- TASK STATEMENT
The required output is a verbatim transcription of the listing, pictures excluded.

- GIVEN DATA
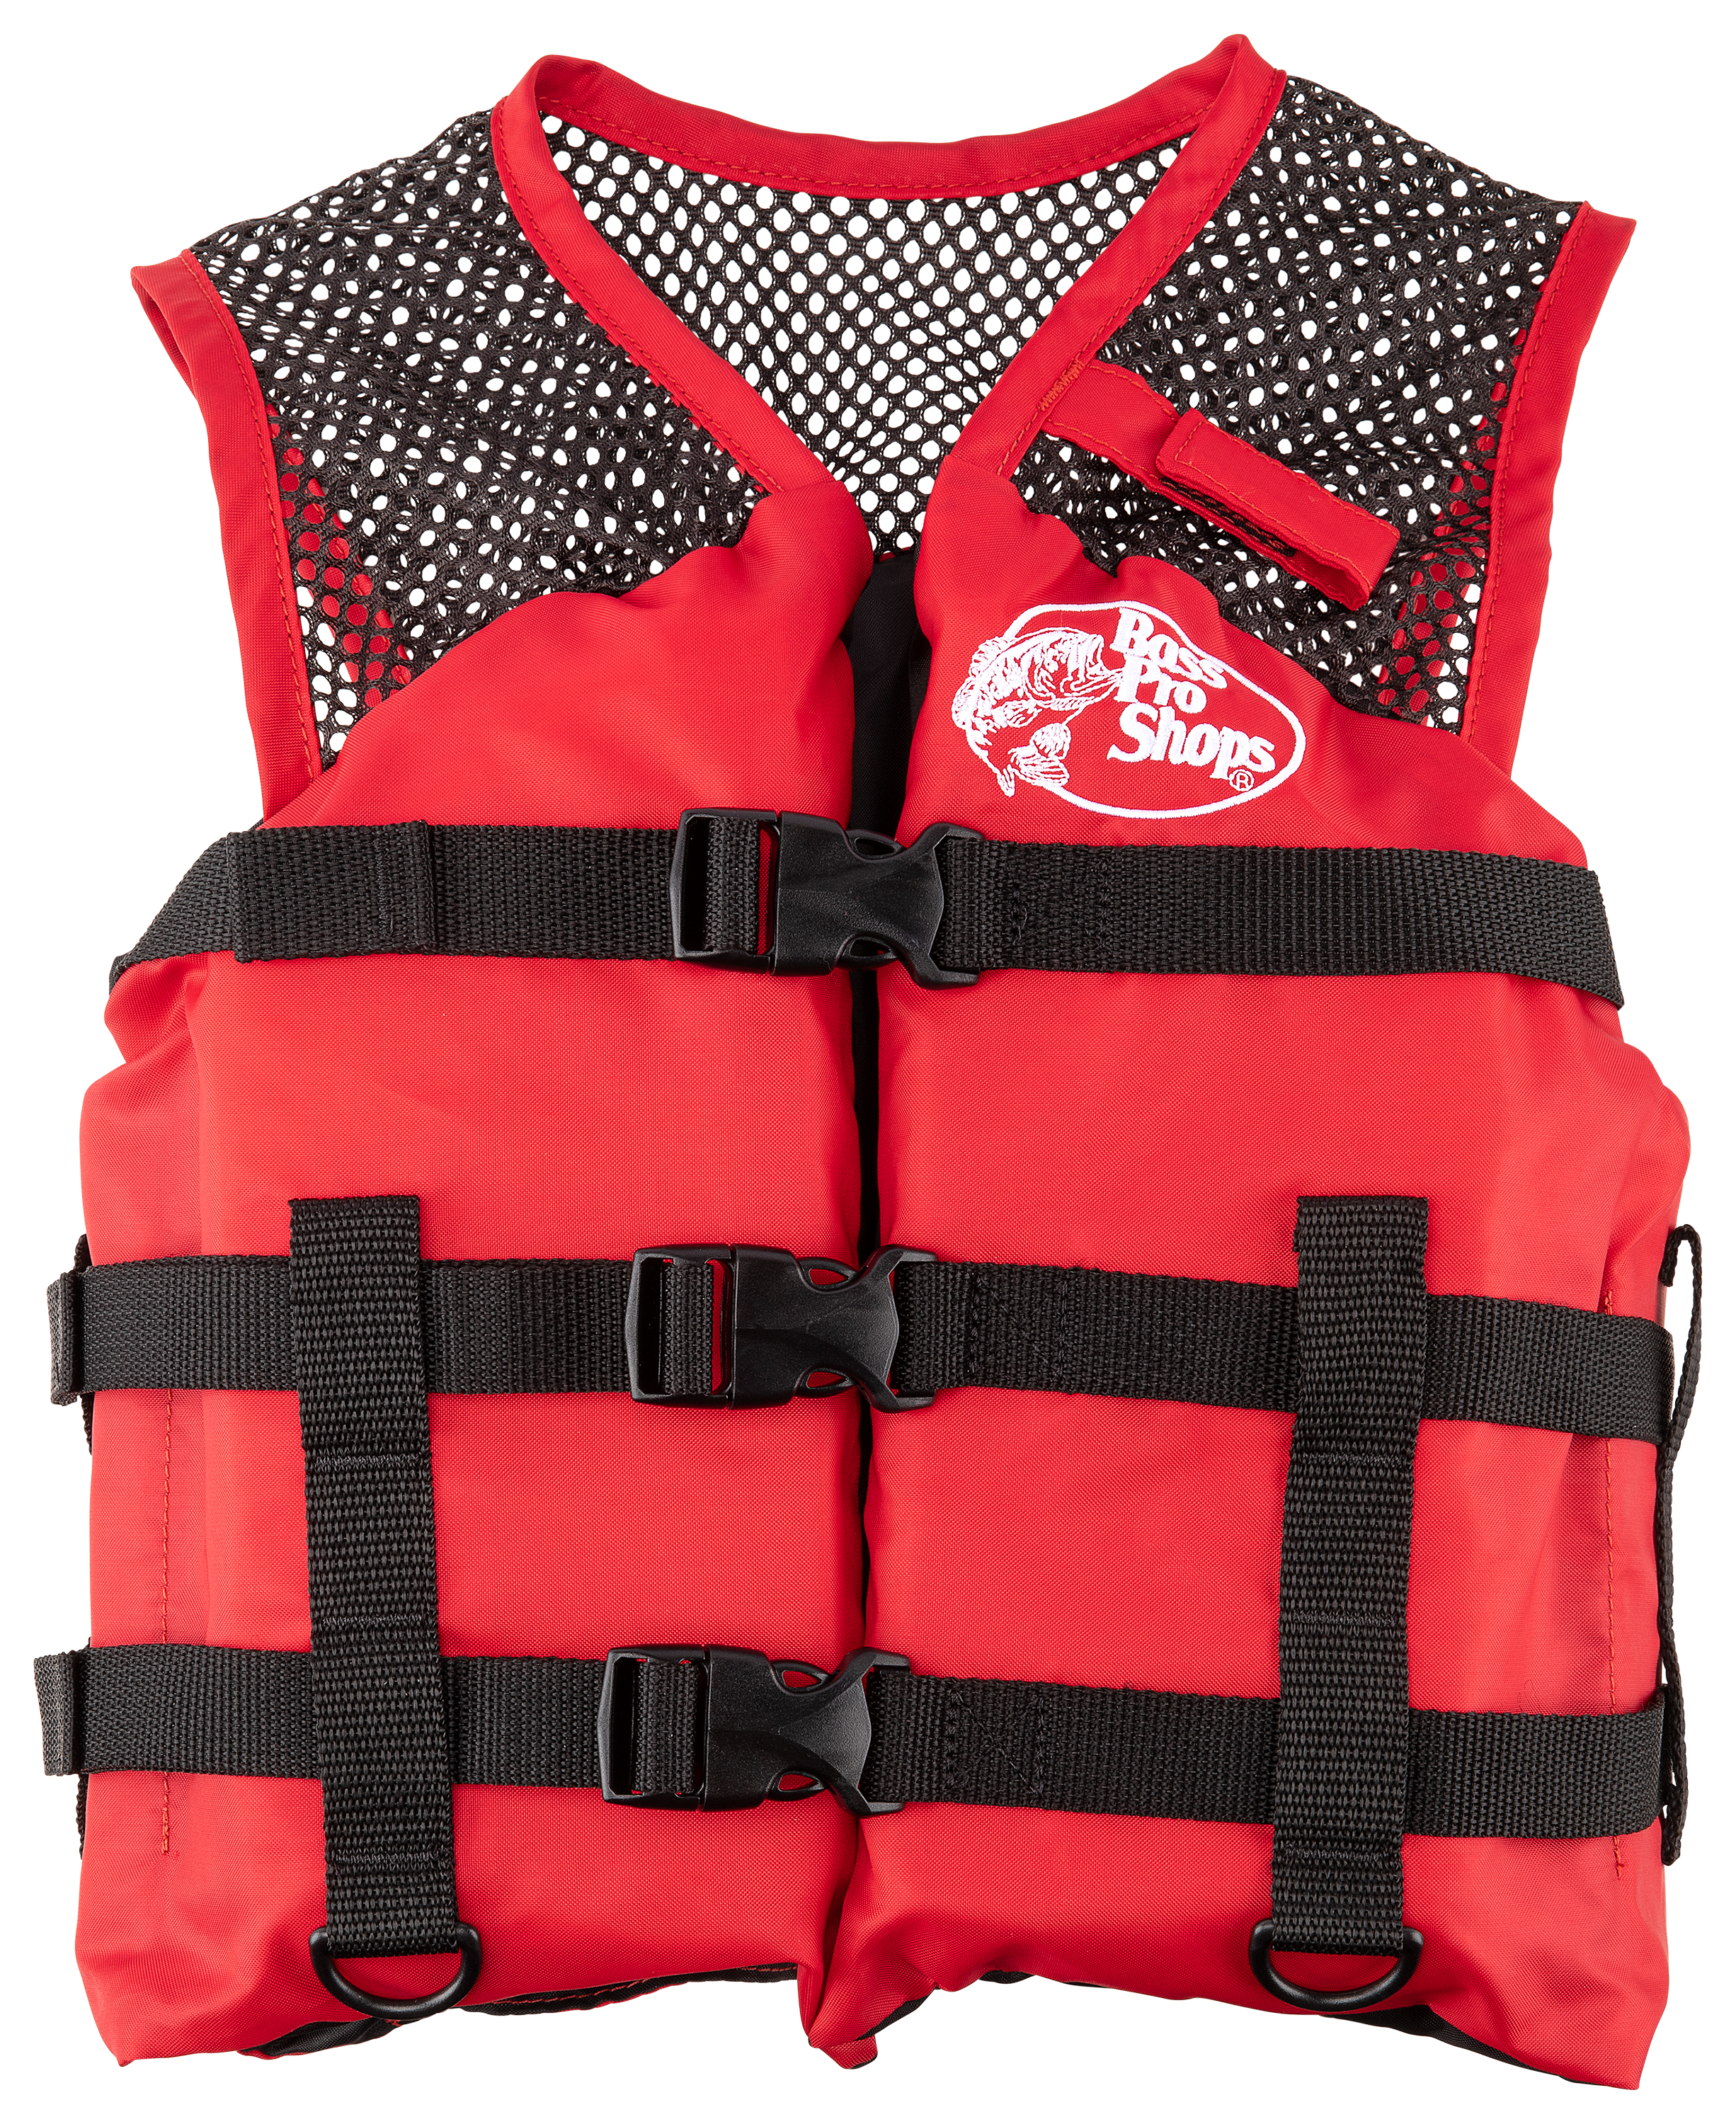 Bass Pro Shops Basic Mesh Fishing Life Vest for Kids - Red
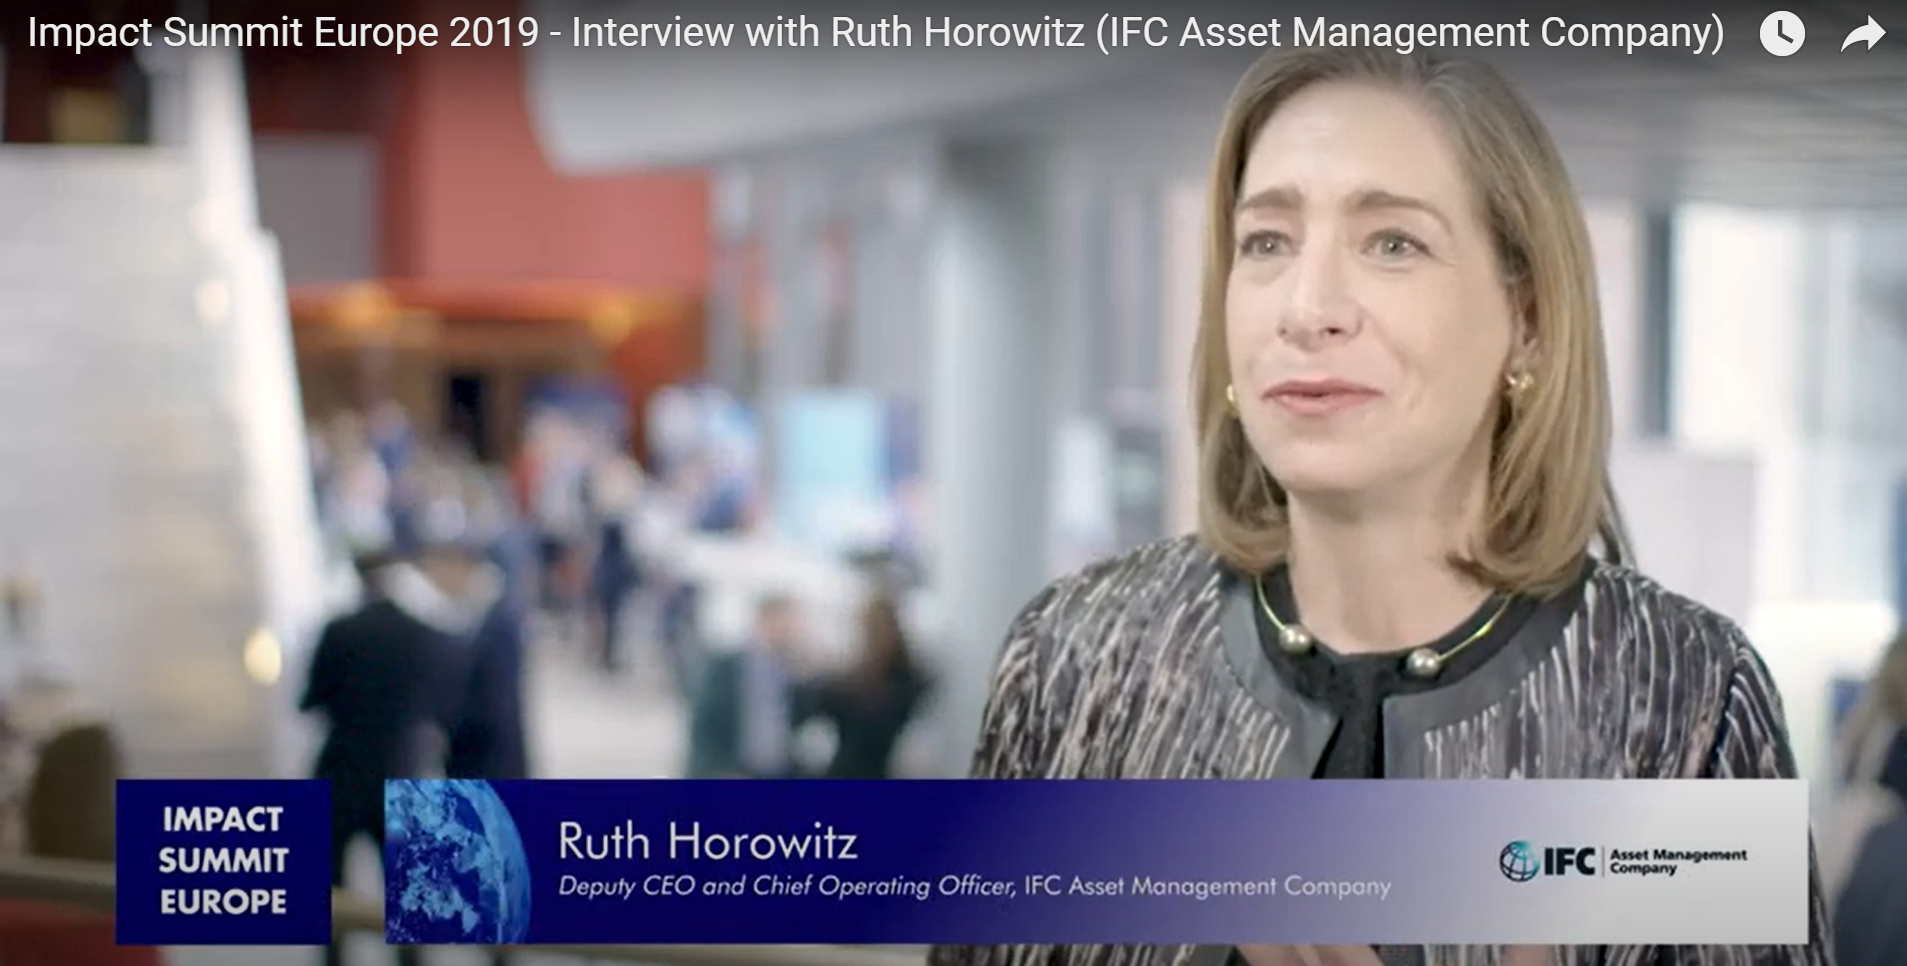 Ruth Horowitz I IFC Asset Management Company
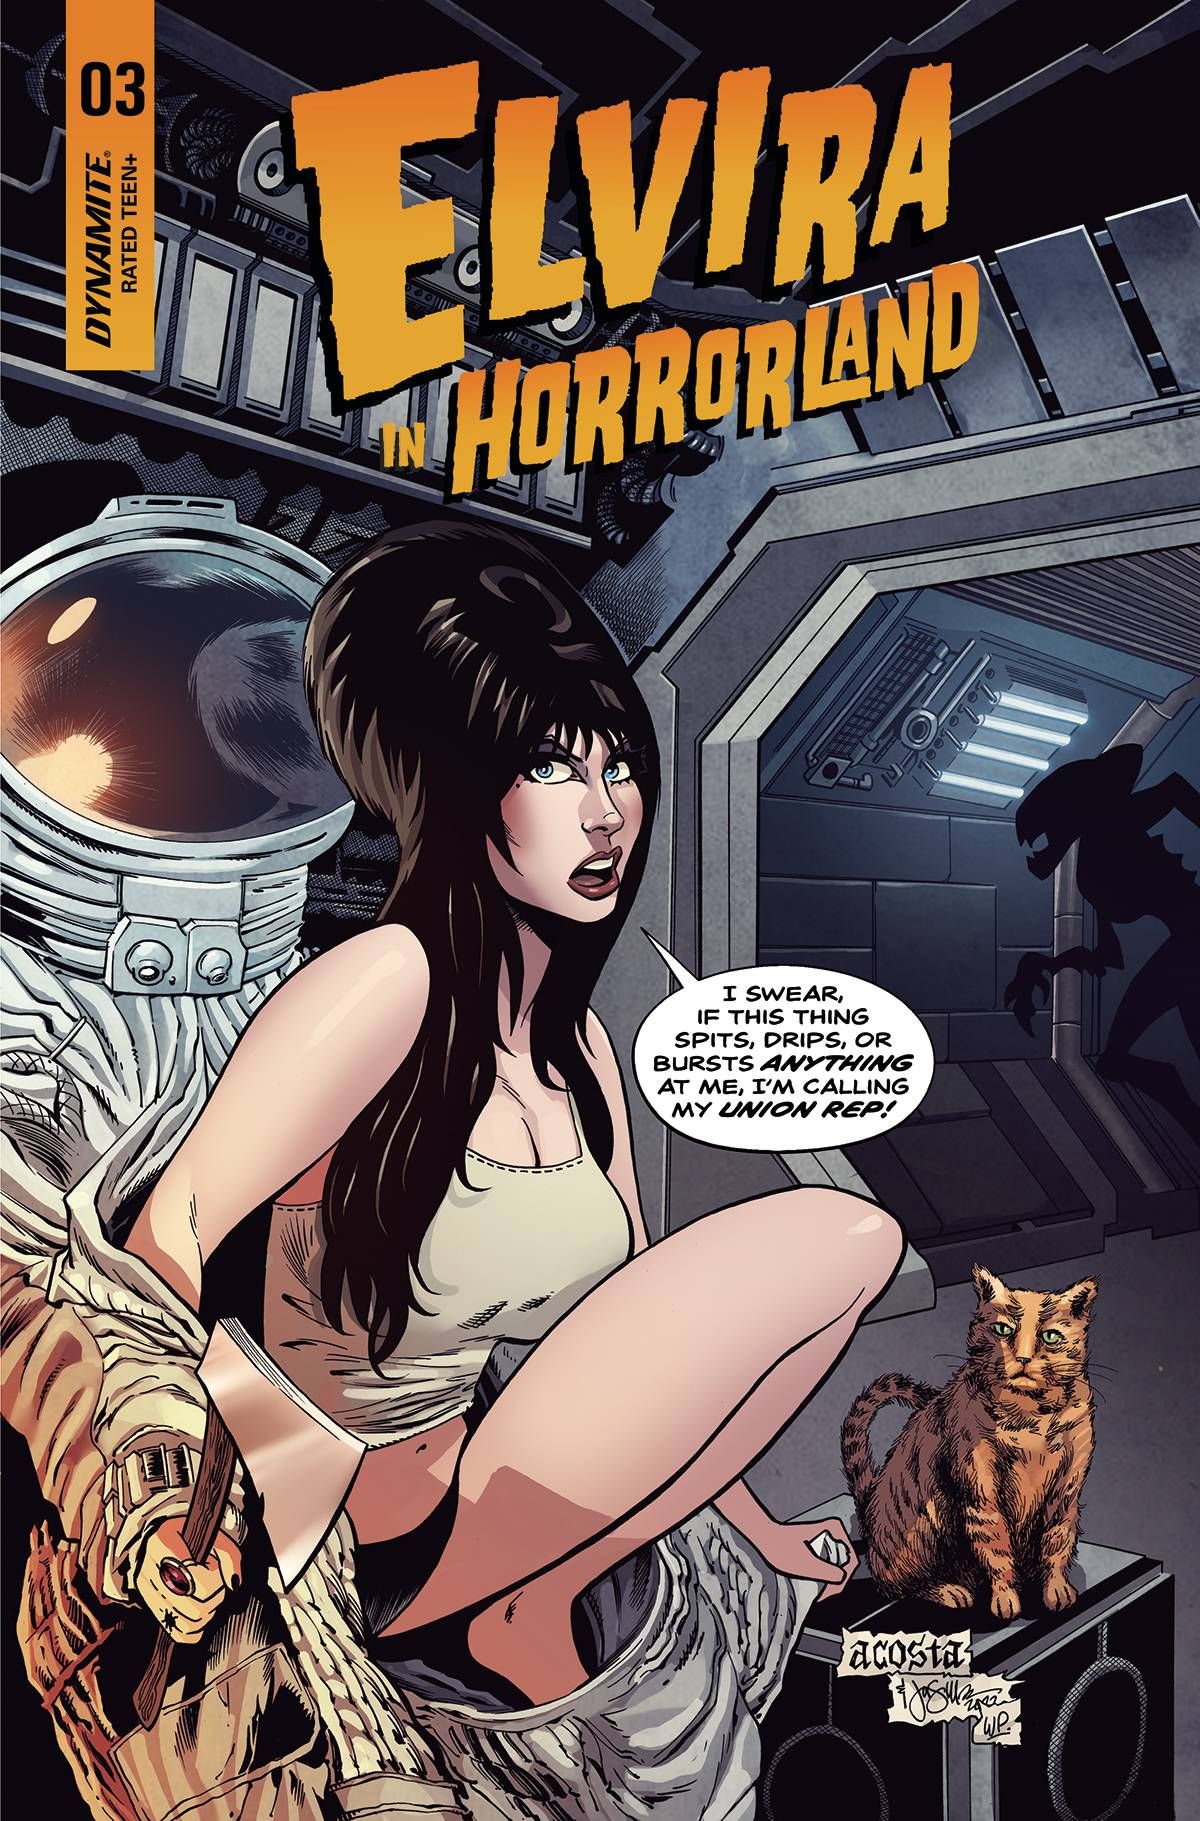 Elvira In Horrorland #3 Comic

- RESPONSE AREA
 Bass Pro Shops Basic Mesh Fishing Life Vest for Kids - Red
 Ruth Horowitz I IFC Asset Management Company
 Elvira In Horrorland #3 Comic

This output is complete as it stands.